House Robber
Problem
You are a professional robber planning to rob houses along a street. Each house has a certain amount of money stashed, the only constraint stopping you from robbing each of them is that adjacent houses have security systems connected and it will automatically contact the police if two adjacent houses were broken into on the same night.
Given an integer array nums representing the amount of money of each house, return the maximum amount of money you can rob tonight without alerting the police.
Example 1:
Input: nums = [1,2,3,1]
Output: 4
Explanation: Rob house 1 (money = 1) and then rob house 3 (money = 3).
Total amount you can rob = 1 + 3 = 4.
Example 2:
Input: nums = [2,7,9,3,1]
Output: 12
Explanation: Rob house 1 (money = 2), rob house 3 (money = 9) and rob house 5 (money = 1).
Total amount you can rob = 2 + 9 + 1 = 12.
Constraints:
- 1 <= nums.length <= 100
- 0 <= nums[i] <= 400
Solution
Recursion on this one feels a little more natural.

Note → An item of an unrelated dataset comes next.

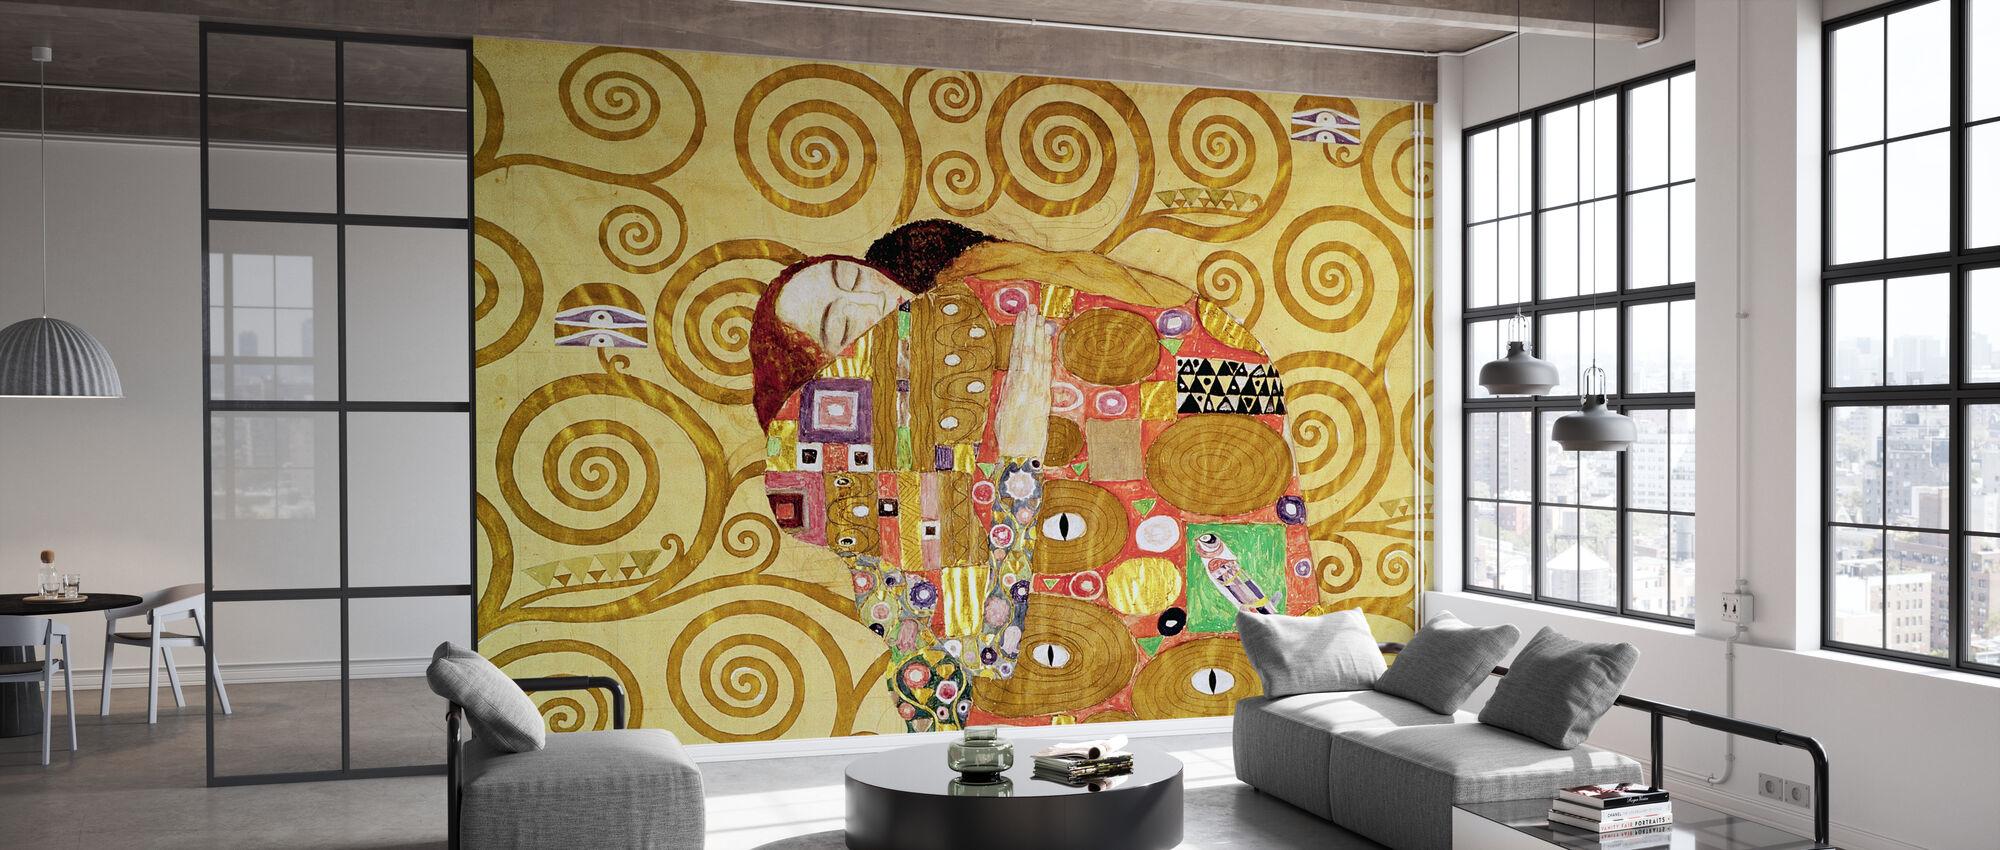 Fulfilment - Gustav Klimt - Wallpaper - Office

First draft, without memoization.
class Solution {
public int rob(int[] nums) {
return rob(nums, nums.length - 1);
}
public int rob(int[] nums, int n) {
if (n < 0) {
// we're past the start of the array
return 0;
}
var yes = nums[n] + rob(nums, n - 2);
var no = rob(nums, n - 1);
return Math.max(yes, no);
}
}
Adding memoization:
class Solution {
public int rob(int[] nums) {
var m = new int[nums.length];
for (var i = 0; i < m.length; i++) {
// sentinel value
m[i] = -1;
}
return rob(nums, nums.length - 1, m);
}
public int rob(int[] nums, int n, int[] m) {
if (n < 0) {
// we're past the start of the array
return 0;
}
if (m[n] != -1) {
return m[n];
}
var yes = nums[n] + rob(nums, n - 2, m);
var no = rob(nums, n - 1, m);
var max = Math.max(yes, no);
m[n] = max;
return max;
}
}
A comment brought me to this solution. It seems to be a common pattern with most of the problems I’ve seen today. I don’t quite understand how to come to these solutions myself, though.
class Solution {
public int rob(int[] nums) {
var p1 = 0;
var p2 = 0;
for (var i : nums) {
var tmp = p1;
p1 = Math.max(i + p2, p1);
p2 = tmp;
}
return p1;
}
}